André Almeida (6): Another steady performance from the utility man. Almeida inspires confidence defensively, and his passing out of the back is excellent. The only knock on the Benfica man is his inability to overlap successfully and add another threat to Portugal’s attack.

Luis Neto (7): The Zenit player’s positioning is excellent. Neto spent much of his time marking Oribe Peralta, hardly giving him a sniff. Two last ditch tackles, in the fourteenth and sixty-seventh minutes may have save Portugal some blushes. The center of defense is in good hands if Pepe doesn’t return to fitness on time.

Bruno Alves (7): Not as sharp defensively as he was against Greece, but did his job for the most part. Alves’ ugly side popped up when he tackled Dos Santos from behind a shortly after the Mexican skinned the defender just outside the box. His headed goal in the last minute is the reason why he will not lose his starting role.

Miguel Veloso (5): An uninspired performance by the Dynamo man. Veloso spent much of the time protecting the back four, but he looked slow closing down players and his passes mostly went back or to the sides. He did generate a couple of counterattacks, but Portugal will need more from him.

Fabio Coentrão (6): Had trouble adapting to his new position early on, but once comfortable, Coentrão began stringing passes and making runs that caused the Mexican defense some imbalances. The Real Madrid player had an excellent chance of putting Portugal up early in the second half, seeing Ochoa make an impressive reflex save off a corner kick.

João Moutinho (6): A welcomed return to Portugal’s midfield. Moutinho showed flashes of the dynamism that has made him into one of the world’s best box-to-box midfielders, but a lack of match sharpness and understanding with Coentrão and Veloso hindered his performance. Moutinho assisted Alves’ goal with a beautiful curling ball that will be much needed against Germany.

Luis Nani (6): Not as incisive as he was against Greece, and as a result, much less influential in Portugal’s attack. His tendency to move into the middle from the wings did open spaces for his teammates, but his lack of directness and speed was troubling.

Vieirinha (5): The Wofsburg man had an excellent opportunity to make some noise, but apart from a nifty step over and daisy-cutter that forced Corona into a save, Vieirinha’s performance was flat. Like Nani, Vieirinha needed to be more assertive.

Eder (6): Often isolated, Eder did force one excellent save from Corona in the twenty-first minute. The Braga player is a nuisance to defenders with his size and work rate. With a little more help from the midfield and better service from the wings, Eder could make some noise on this team.

Varela (5): Brought some much needed drive as soon as he substituted Vieirinha, but he was unable to really change the tide of the game, which was starting to favor the Mexicans. If Ronaldo is fit, Varela should be the first winger off the bench.

Postiga (1): A dismal display from the man who everyone expects to start against Germany. Slow with the ball and wasteful in his passing, Postiga’s spot could be in jeopardy.
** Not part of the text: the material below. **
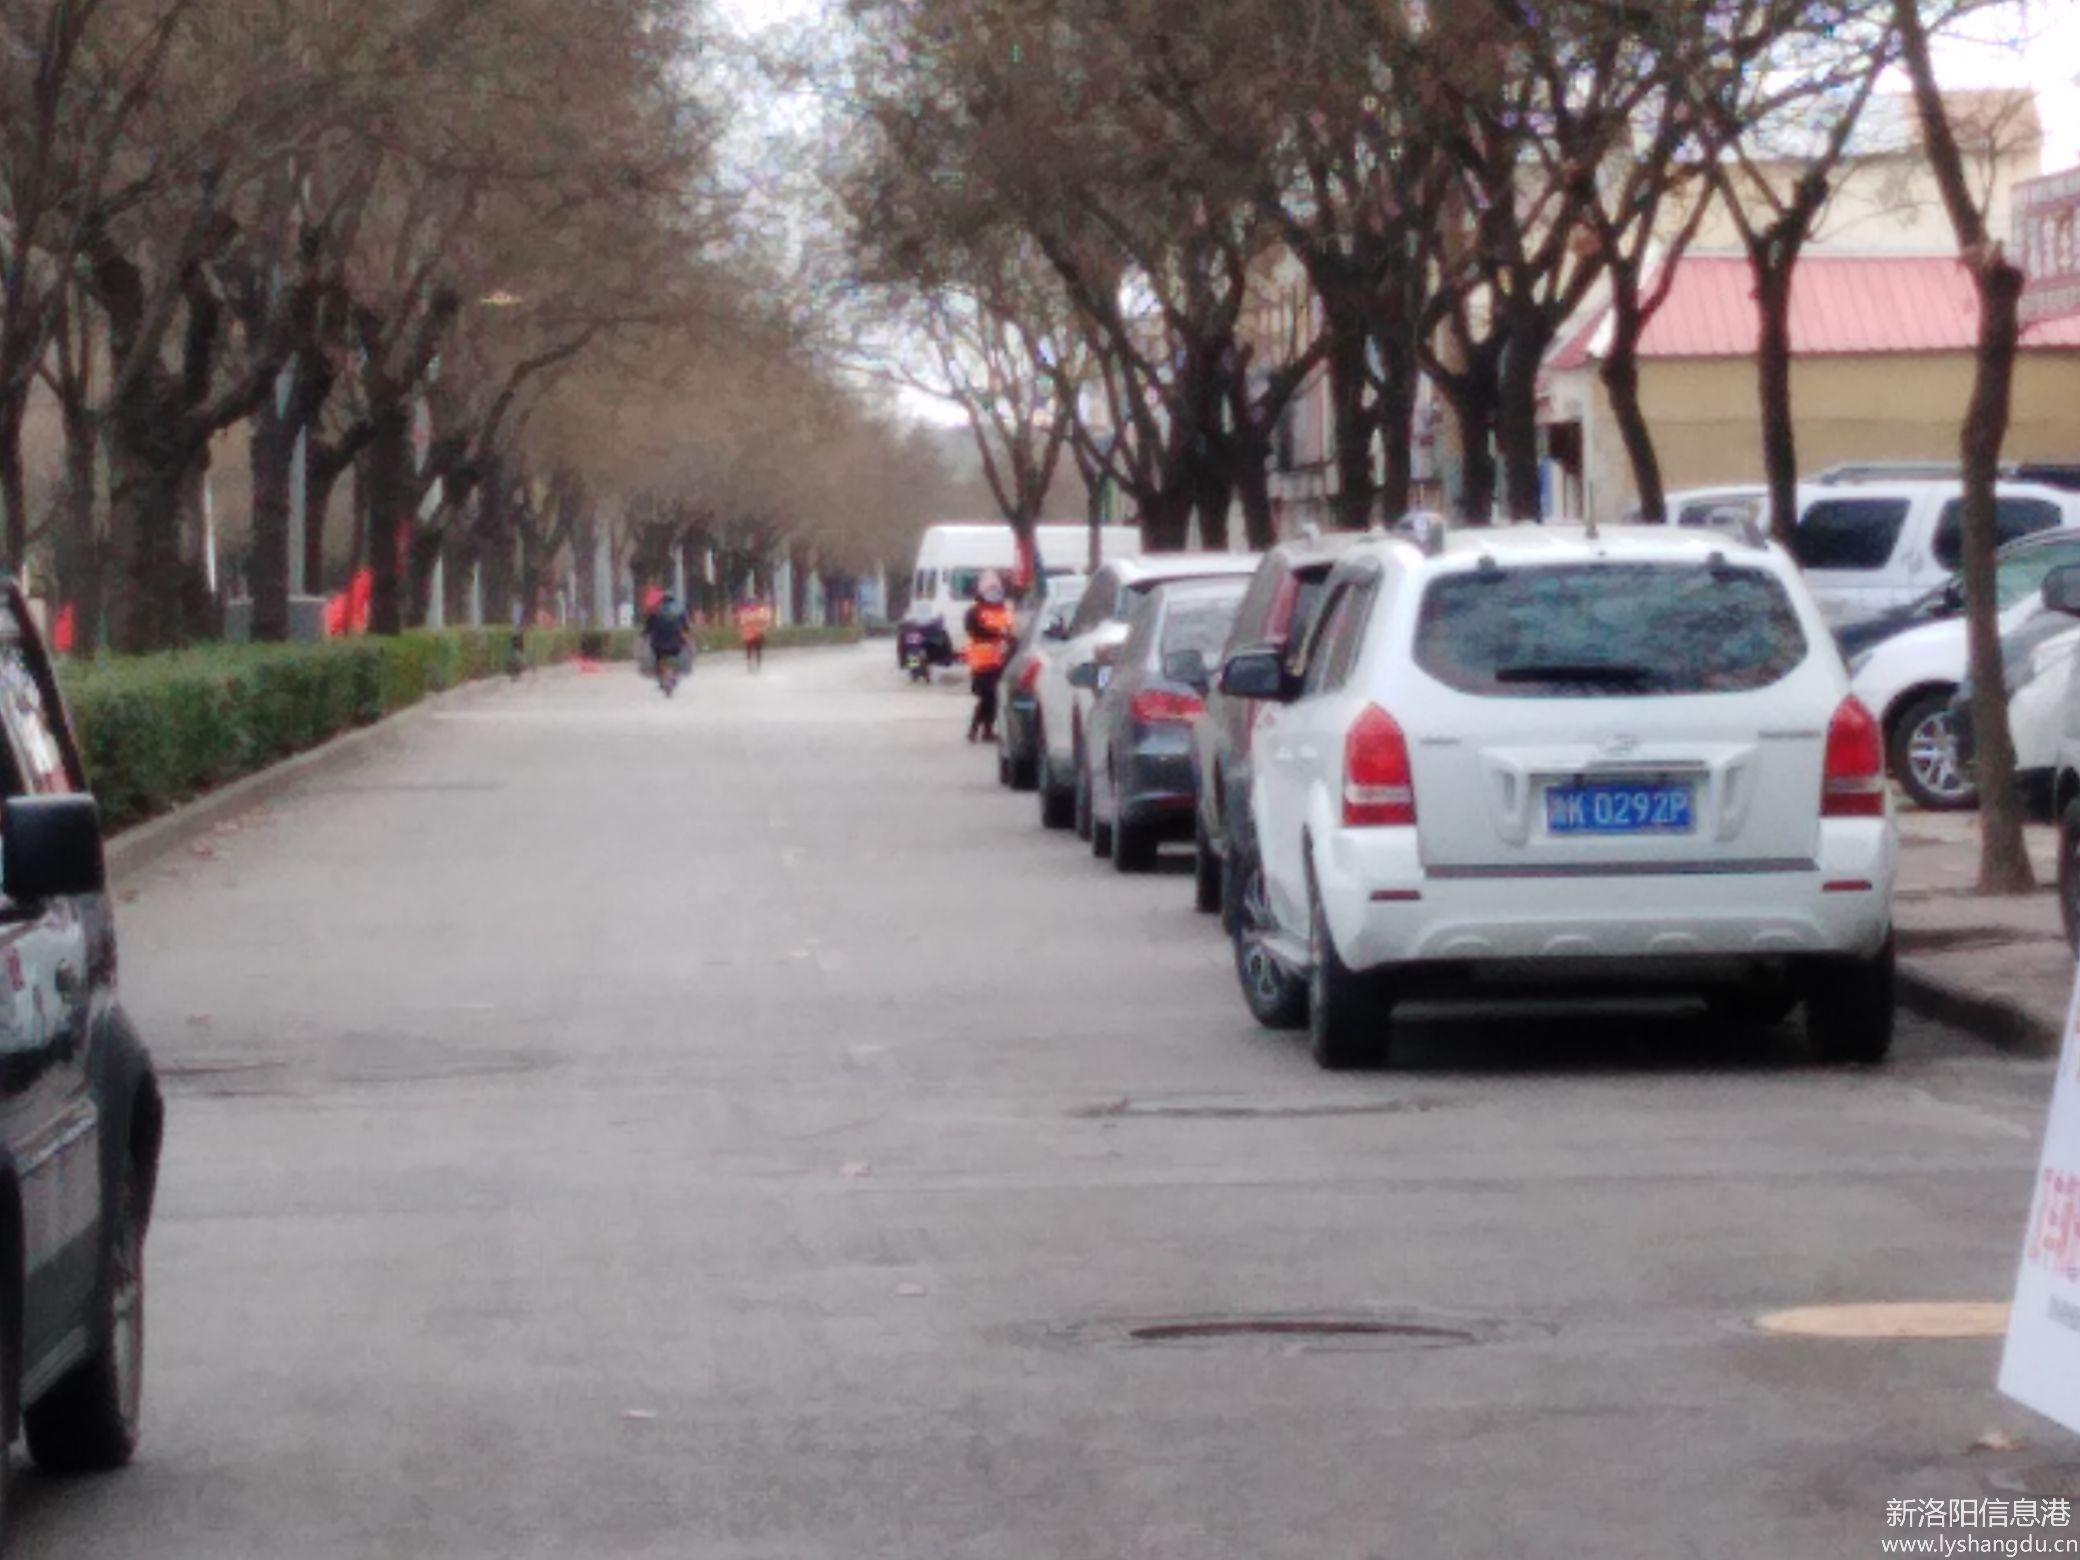 老城区道南路慢车道上有严重违章停车60辆
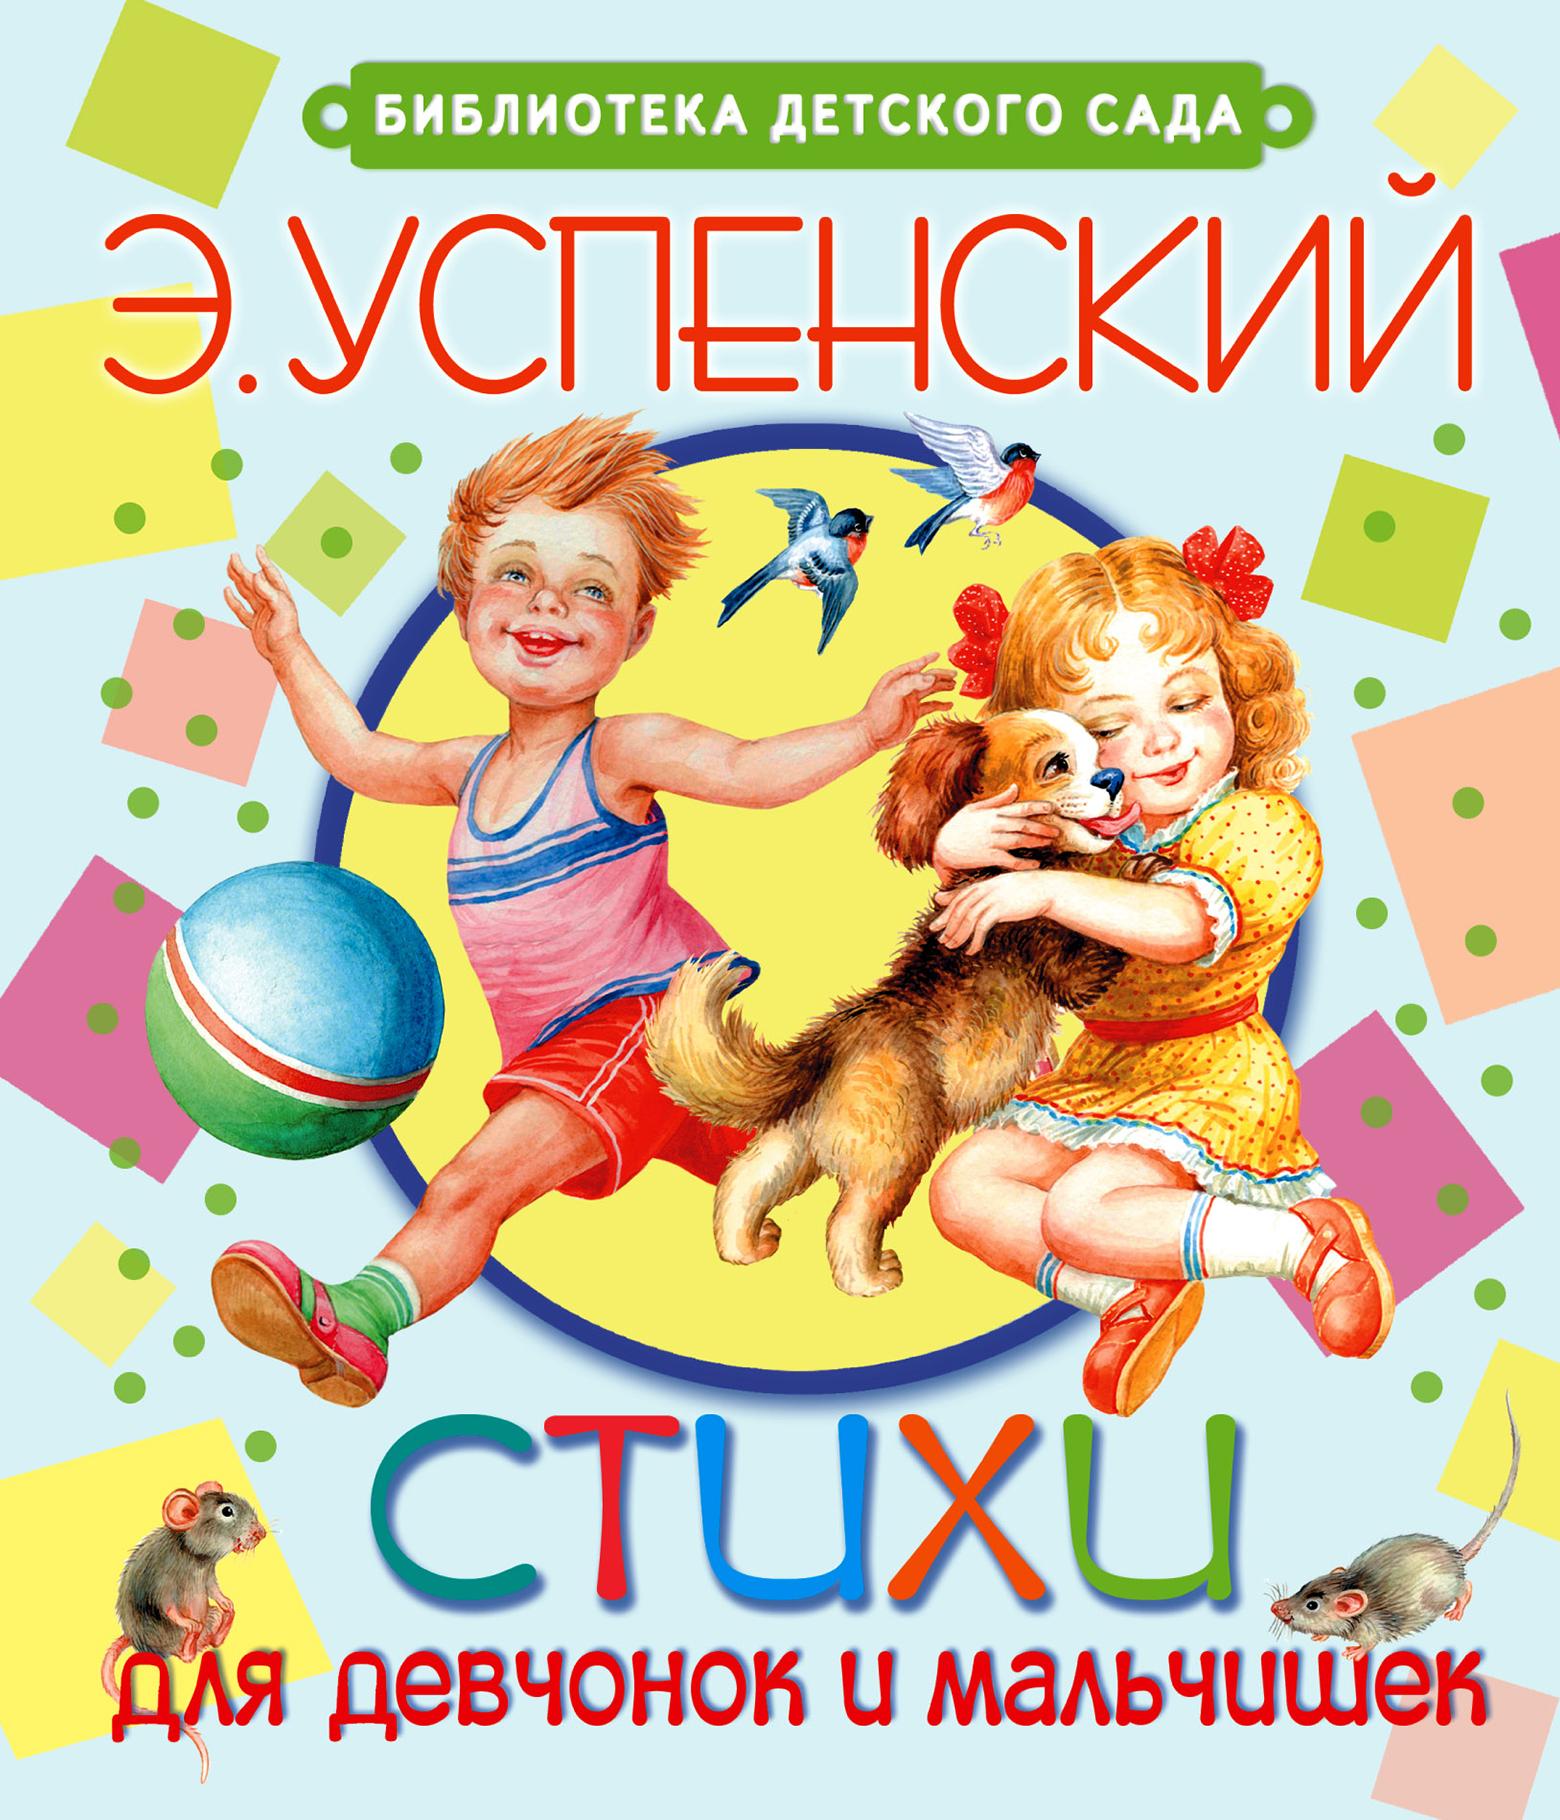 Эдуард Успенский Стихи для девчонок и мальчишек росмэн новогодние стихи для детского сада

Rafa (3): Subbed in for Coentrão, played in the midfield triangle, and not on the wing. Rafa had enough time to steal a ball from Herrera and then get fouled by him when he was close to isolating himself against Ochoa.

Amorim (3): Had ten minutes to perform and came in with a lot of energy. The midfielder slotted in at right back, showing that Bento can use him just about anywhere in on the field.